When in Galway we once or twice did fall into conversation. The fact that we were staying in a small hamlet was no longer a cause of pride but a subject of fun: "What's to do there?" And in the little hamlet, the people who ran the local shop knew no more about us at the end our holiday than they had at the beginning, and we no more about them. On the beach there were lots of Irish families doing the things that families do. But here again, in contrast with the recent past where we might end up sharing picnics, they seemed to want to do it on their own. Their children stuck with their own siblings and parents: each family unit surrounded by its own invisible screen.
One DAY we went to the festival at Kinvara, a jolly riot of boat-races, drinking, dancing and live traditional music. It's hard once again to put one's finger on anything tangible. But there was a sense that, as visitors, this wasn't our festival: when our little girl tried to dance with an Irish toddler who was circling in the ring there was a reluctance, it seemed, to smile on them. We could listen and observe if we wanted to, but there were certain boundaries we ought to respect.
I don't think I'm being paranoid, or allowing our experience with the Clare farmer to colour my feelings unfairly. And let me emphasise again: we had a great time, as usual. But I do have a sense that Ireland's soul is subtly changing for the worse.

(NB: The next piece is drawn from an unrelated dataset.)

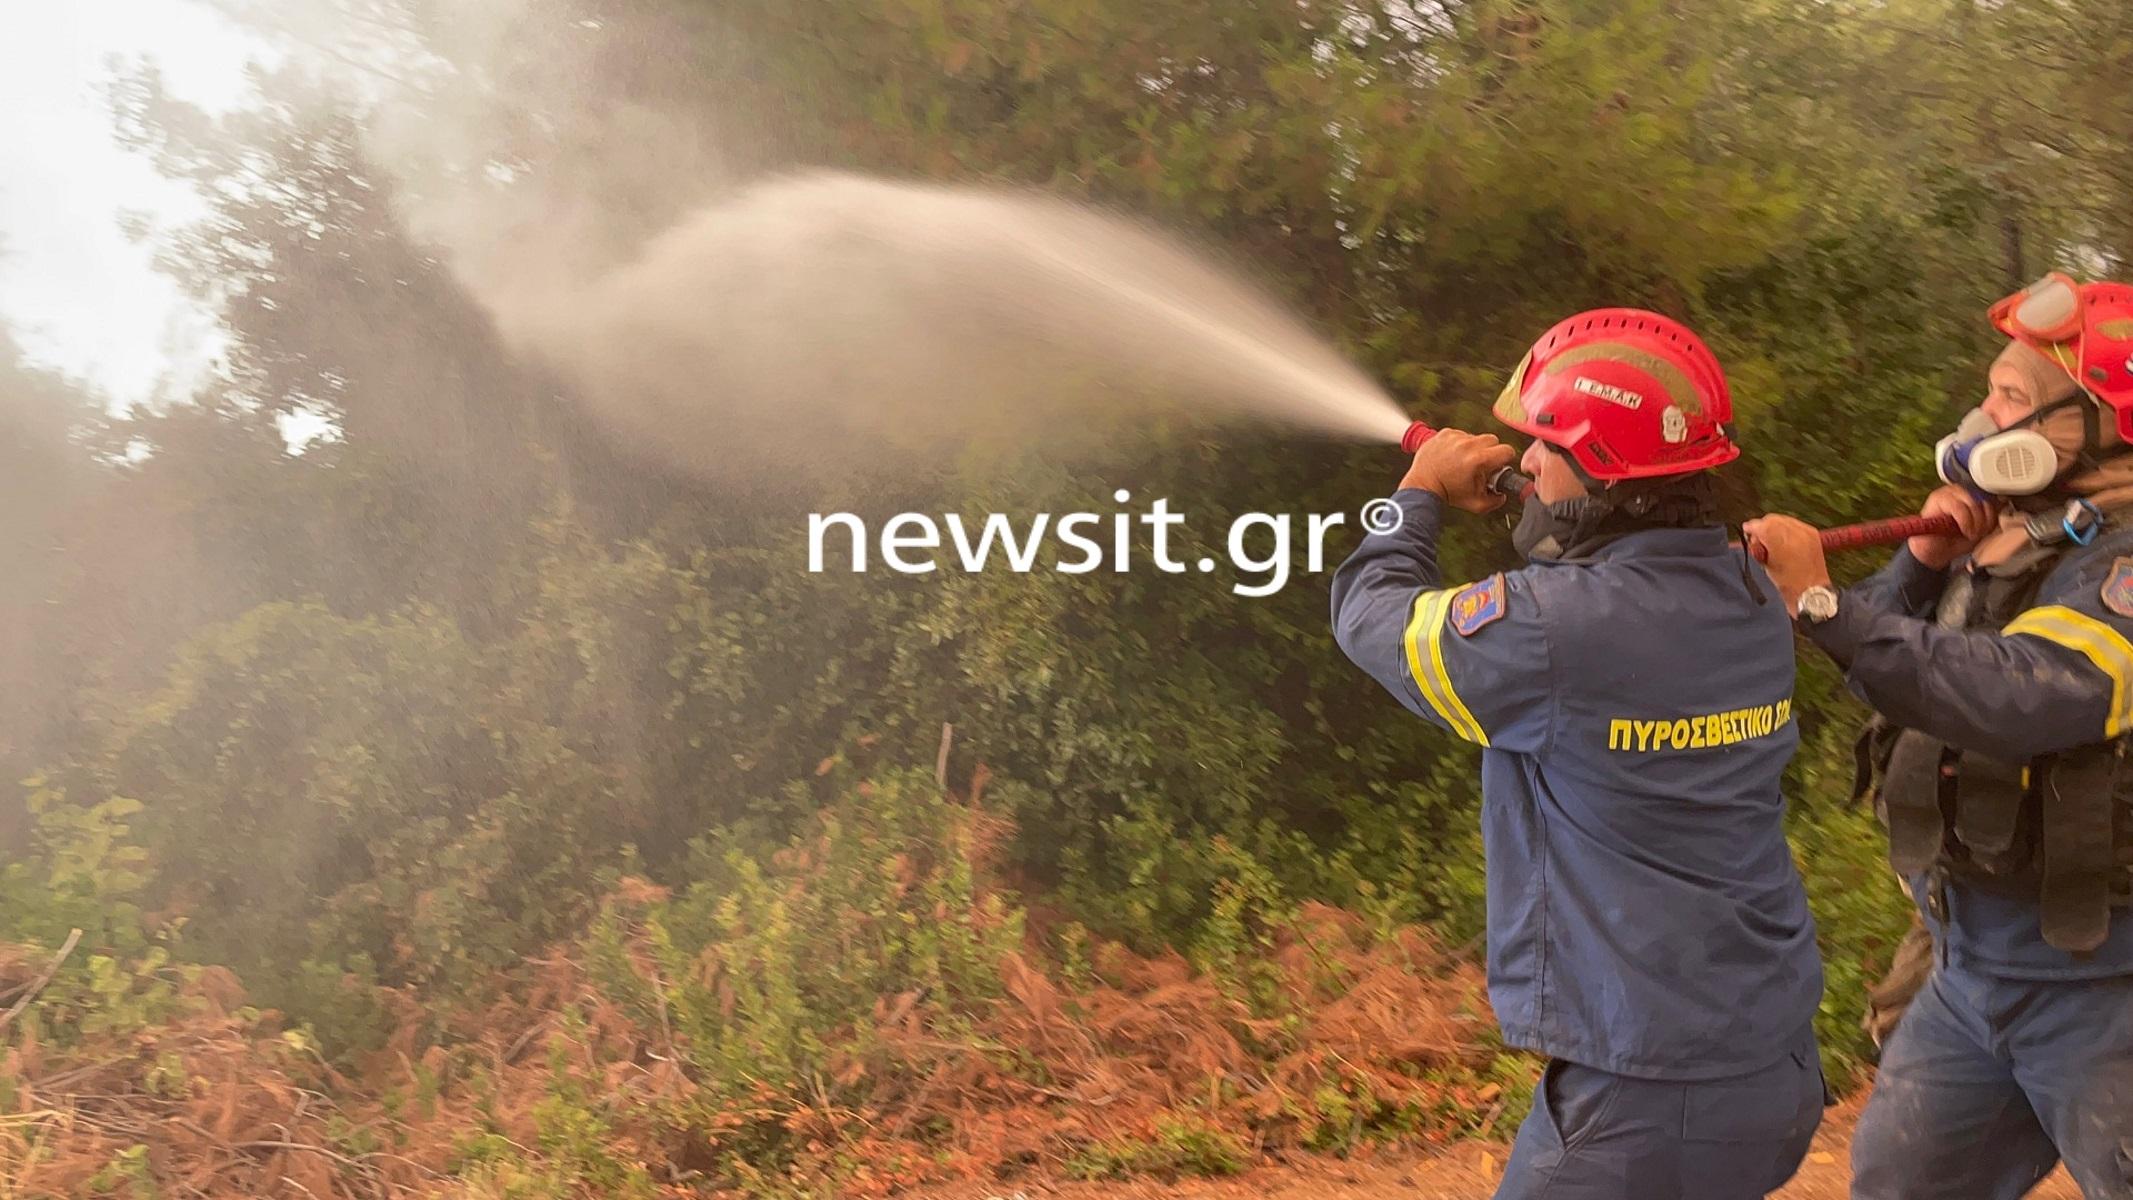 Φωτιά στην Εύβοια: Μάχη με τις αναζωπυρώσεις

A Marxist might say that's capitalism: once people get the chance to make serious money, their interest in relationships which are not dependent on the "cash nexus" inevitably declines. Indeed, it's difficult to resist the conclusion that the waning power of Ireland's church is linked to its booming economy - that a people with access to Australian wine in Ballyvaughan have no need of the opium of faith. And I cannot see why a visitor to Ballyvaughan might seek the opium of Irish company when Australian wine is freely available.
I'm not a Marxist, and I hope our next trip to Ireland proves me wrong altogether. But managing the boom means more than building prettier bungalows.
David Rose is a freelance author and journalist writing for The Observer and the BBC.